Understanding hte Limitations of Causally and Totally Ordered
Communication
Cheriton and Skeen

This paper basically argues that there is no point in building
causal-order multicast process-group systems (like ISIS, that they
call CATOCS for reasons that aren't totally clear since they don't
seem to talk about totally ordered systems at all), based on two
points:

1) There are lots of things we want for applications that CATOCS can't
   directly support, either because it loses ordering we cared about
   or it's just too inefficient, and

2) For each application they look at, they can "easily" see how to do
   it better at the application level without support from a
   communication infrastructure (which is what the CATOCS systems are,
   a layer between the network and the application).

I'm being a little harsh on the second point, because at the end they
do talk some about how to build a more useful infrastructure more as
an application-level library to support versioning and dependencies in
messages in contrast to the layered approach, but through most of the
paper I felt they were giving short-shrift to the advantages (if we
can do it) of having a library or layer that can be implemented once
and nicely bundles up a large chunk of complexity.

The meat of the paper is an analysis of several applications, arguing
why CATOCS fails for both reasons above.  I found myself wanting to
generalize to get to the higher level issues, but this isn't to say
that I didn't want to see the examples, only that many of the gory
details aren't so interesting taken in isolation.
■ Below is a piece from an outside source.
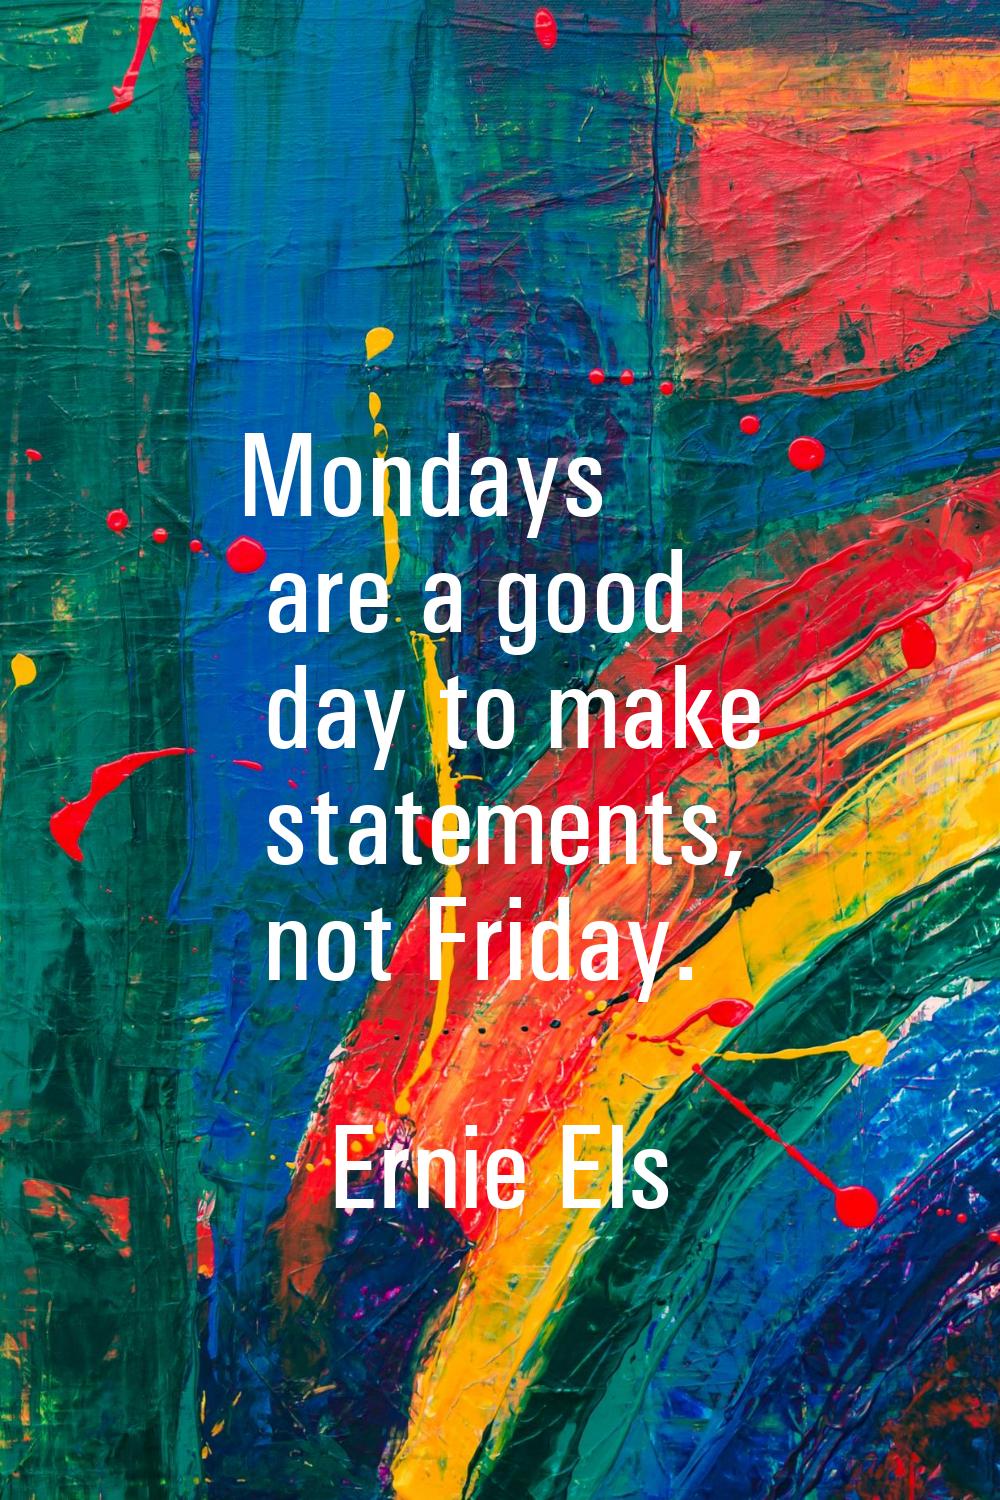 Mondays are a good day to make statements, not Friday.
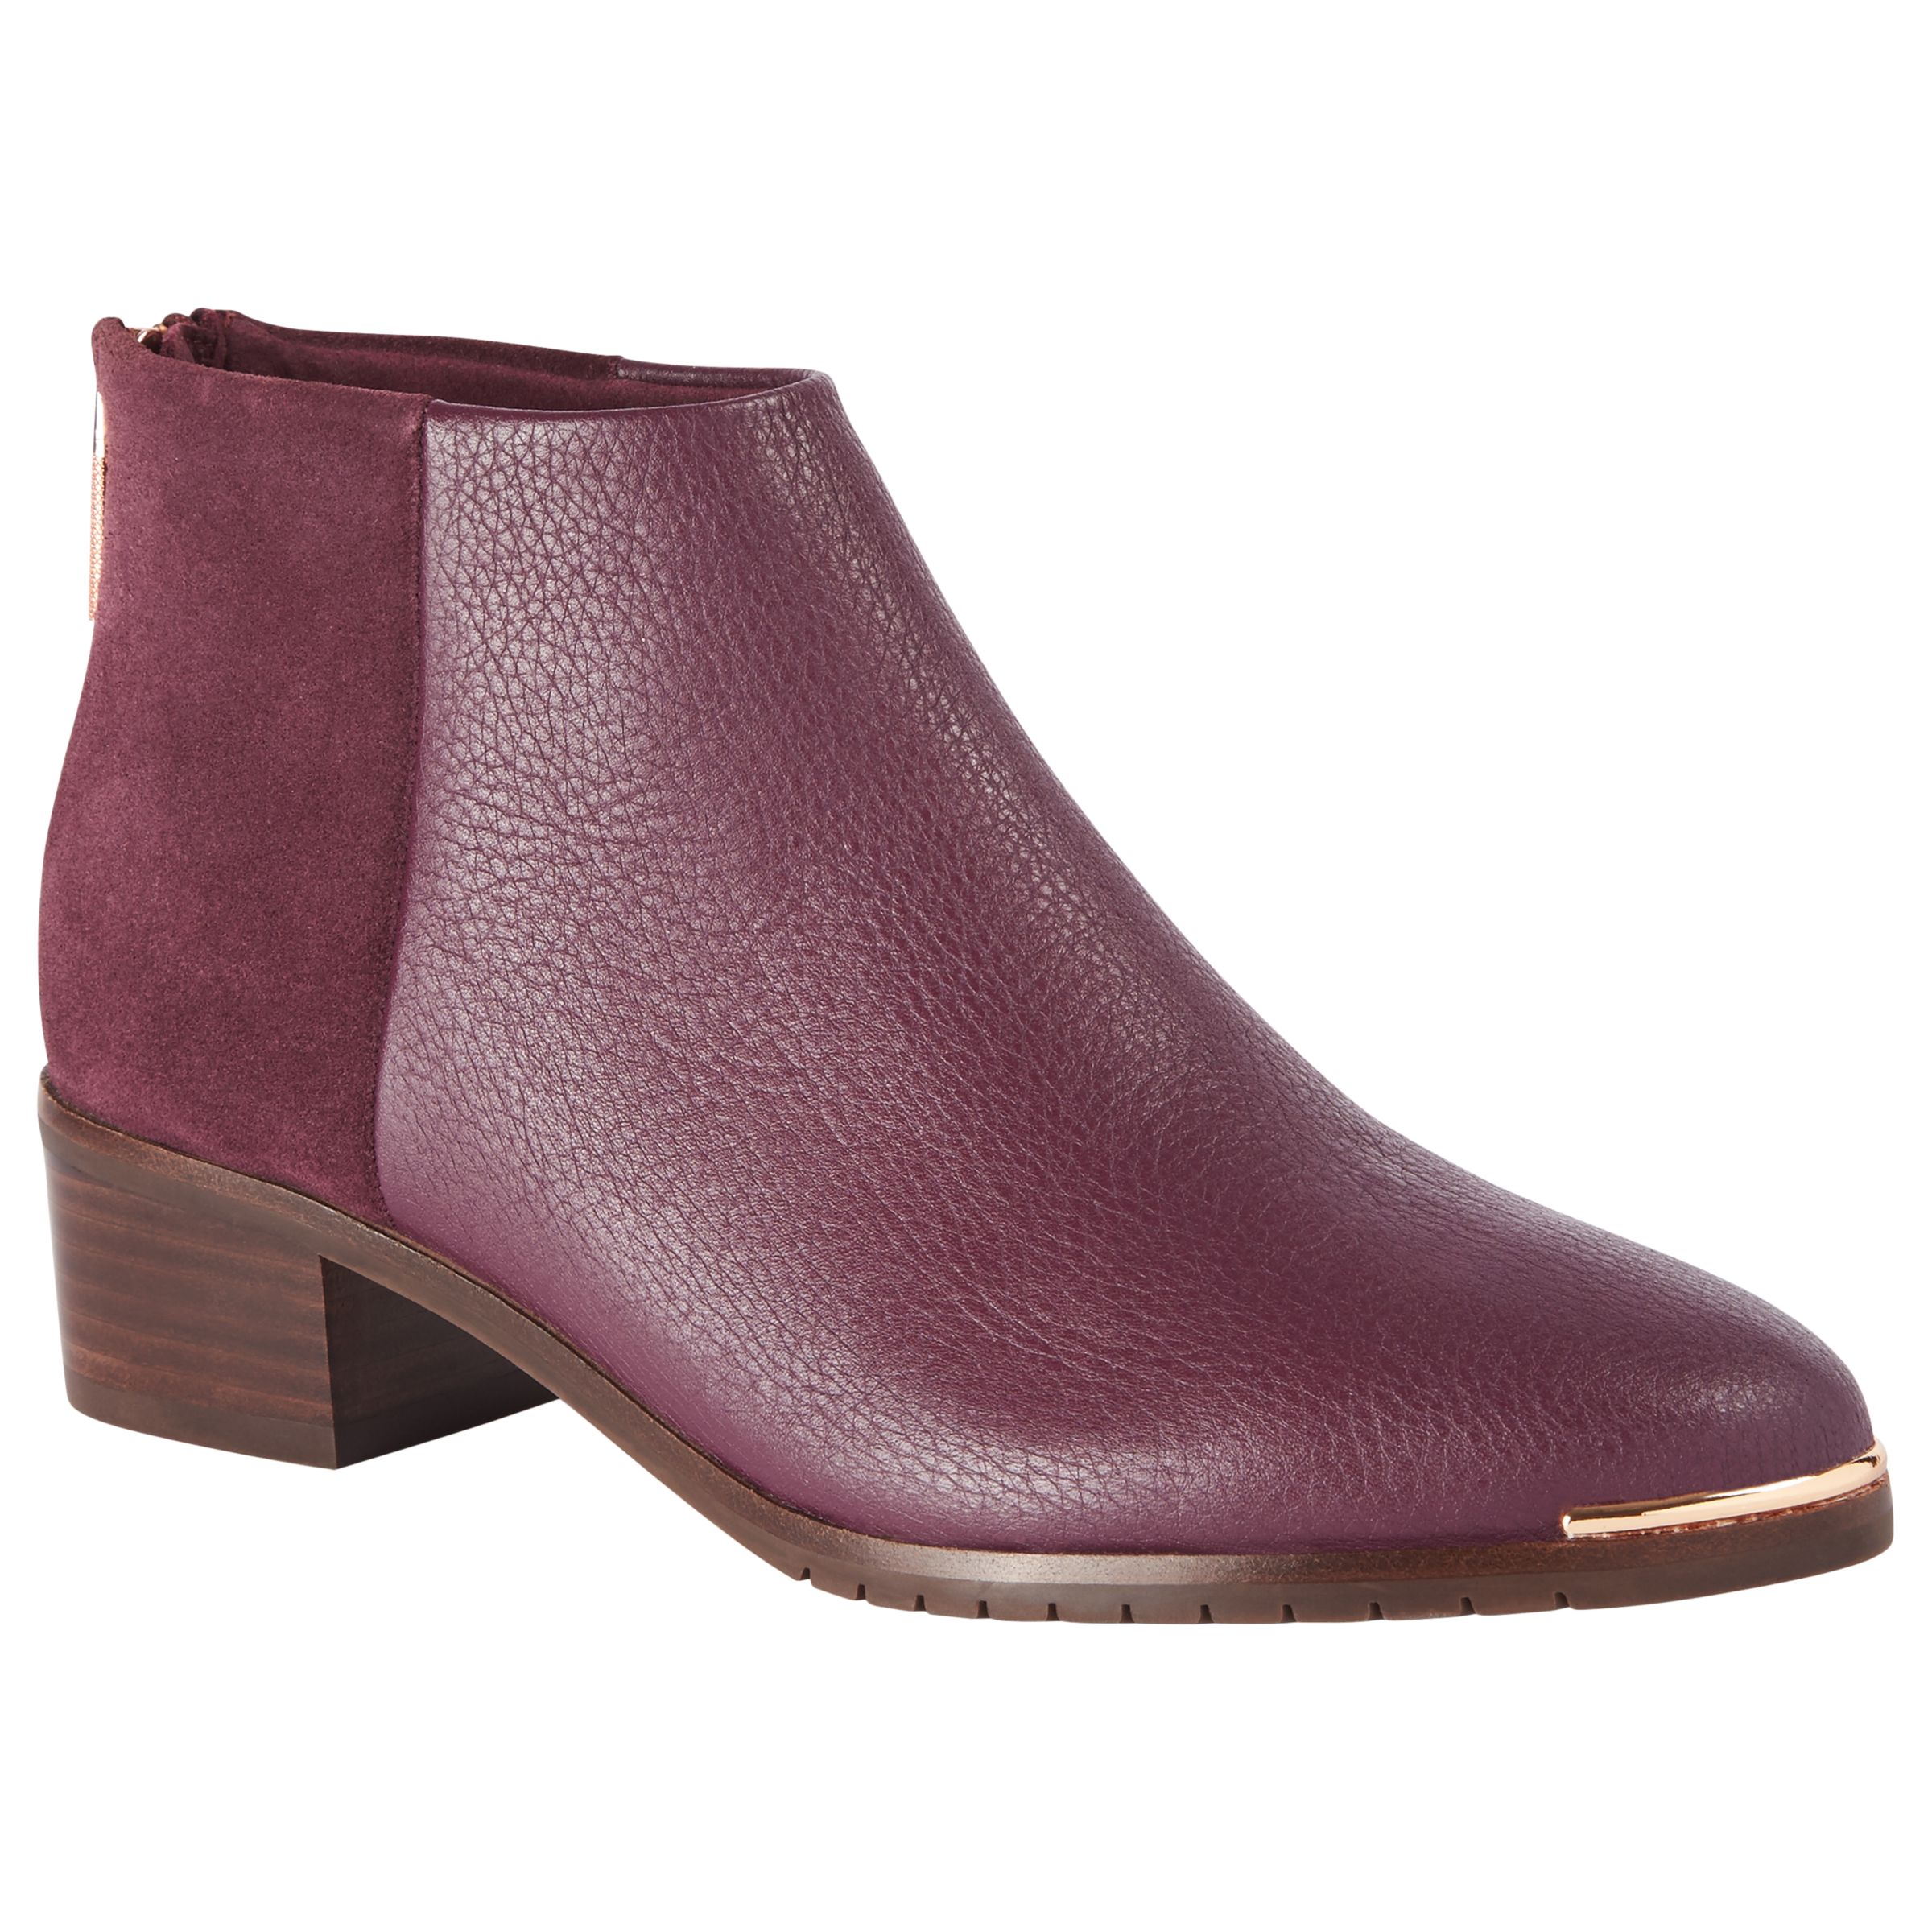 Ted Baker Sasybell Faux Fur Lined Block Heel Ankle Boots, Burgundy, 5

The most important thing the paper points out is that causal ordering
does not capture everything about correct behavior.  They assert this
directly, but it seems to me the issue must be deeper, particularly
because causality seems like it should be the final arbiter.  In the
case of the option pricing/theoretical analysis example (figure 4), I
think the problem isn't that we call any events casually concurrent
when there turns out to be a dependence between them, but that our
definition of potential causality is too strong with respect to
received messages.  

The problem is that the user monitor sees the theoretical price of
26.25, which is based on the option price of 26.00, only after it sees
the subsequent option price of 26.50.  This causes the monitor to
think that the theoretical price is less than the option price, which
it in fact never is.  The paper suggests that the failure was in
deciding that the two sends (from the option pricing and the
theoretical pricing) were causally concurrent, thereby allowing the
messages to be received in any order.  But as I see it, the sends
*are* causally unrelated, and the problem is that, at the receiving
process, the receives are forced into a happens-before relationship
even though they should still be thought of as concurrent events and
handled independently.  Although one reception must happen before
another, in a fuzzy sense we can't say that a receive event can cause
another receive event without some intervening send.

I suppose, to sum up this example, the real problem is that, if we
require applications to manage this notion of causal concurrency
explicitly, we will have forced too complicated an interface on them
in terms of a communications infrastructure.  I would point out,
however, that the versioning system they propose basically does the
same thing, by making sure the application realizes that the 26.25
theoretical price is based on old data, so that it doesn't apply it
inappropriately.

One thing I objected to in the analysis of real-time systems is that
it seems to me that the timestamp-based approach (which they propose
as better than the CATOCS systems) misses some of what the causal
ordering would capture.  In the case of the logging engine, while I
agree that after the fact you could sort all the messages and find the
proper total order, if you were showing things in real-time you might
not be able to tell that there were messages "from the past" still
outstanding.  If you catch all the hidden channels, a causally ordered
communication system should be able to tell you this, because the
"later" message will contain references to the "from the past"
messages, so you'll know that there is stuff out there that you
haven't seen yet.